Wheatley was born in Abergavenny in Wales and was the only son of Sir Zachariah Wheatley, a former mayor of the town. The younger Wheatley attended the Slade School of Art during 1912 and 1913, having previously taken art lessions from both Stanhope Forbes and Walter Sickert.
During World War I, Wheatley served in the Artists' Rifles and later in the conflict was an official war artist. The British War Memorials Committee appointed Wheatley to record the work of the Royal Navy in the British home ports. After a short, and miserable, few days at Rosyth Wheatley was sent to Southampton where he recorded the work of the Salvage Service. He produced over 40 paintings there including a large canvas for the proposed, but never built, national Hall of Remembrance. After the War, Wheatley was commissioned to paint a portrait of James Crichton, a recipient of the Victoria Cross.

Wheatley showed three works at the first annual exhibition of the newly formed Society of Graphic Art in 1921. He held a joint show with Muirhead Bone at the Grosvenor Gallery in 1922 and taught at the Slade for five years from 1920 until 1925 when he, and his wife the artist Edith Grace Wheatley, née Wolfe, moved to South Africa.

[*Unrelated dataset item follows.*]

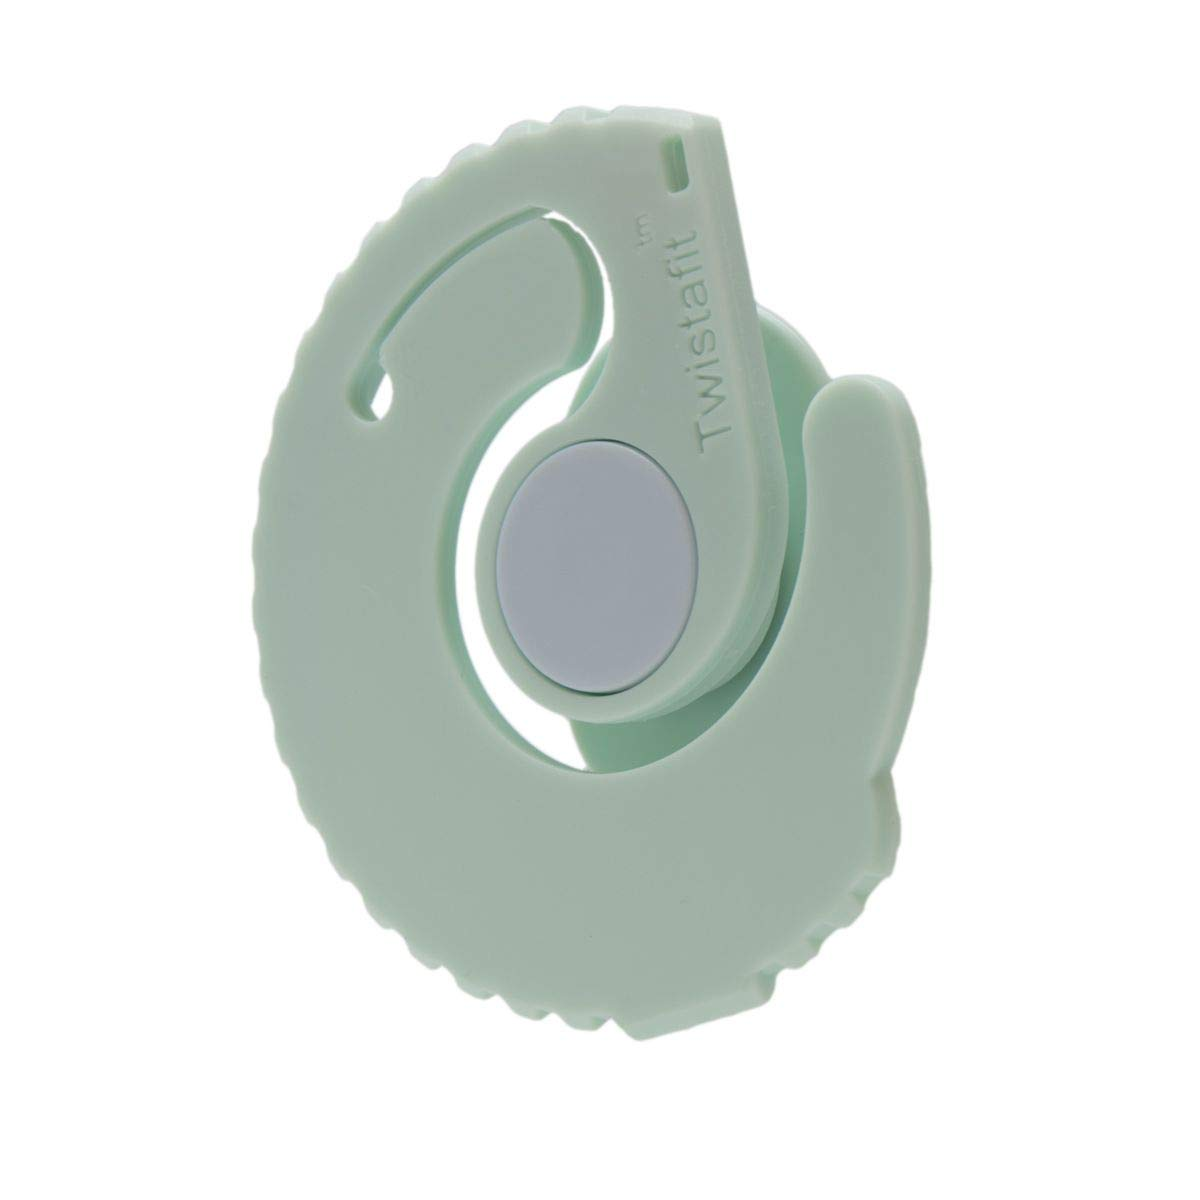 A Fitting Phone Grip Flexy Grips Spot On Green /& Blue

The couple remained there until 1937, during which time John Wheatley was the Michaelis Professor of Fine Art at the University of Cape Town and Director of the National Gallery of South Africa. On his return to England in 1937, Wheatley was appointed director of the Sheffield City Art Galleries. During the Second World War, the War Artists' Advisory Committee commissioned Wheatley to paint several portraits of workers involved in the war effort. From 1948 to 1950, Wheatley was curator of the National College of British Sports and Pastimes. His work was also part of the painting event in the art competition at the 1948 Summer Olympics.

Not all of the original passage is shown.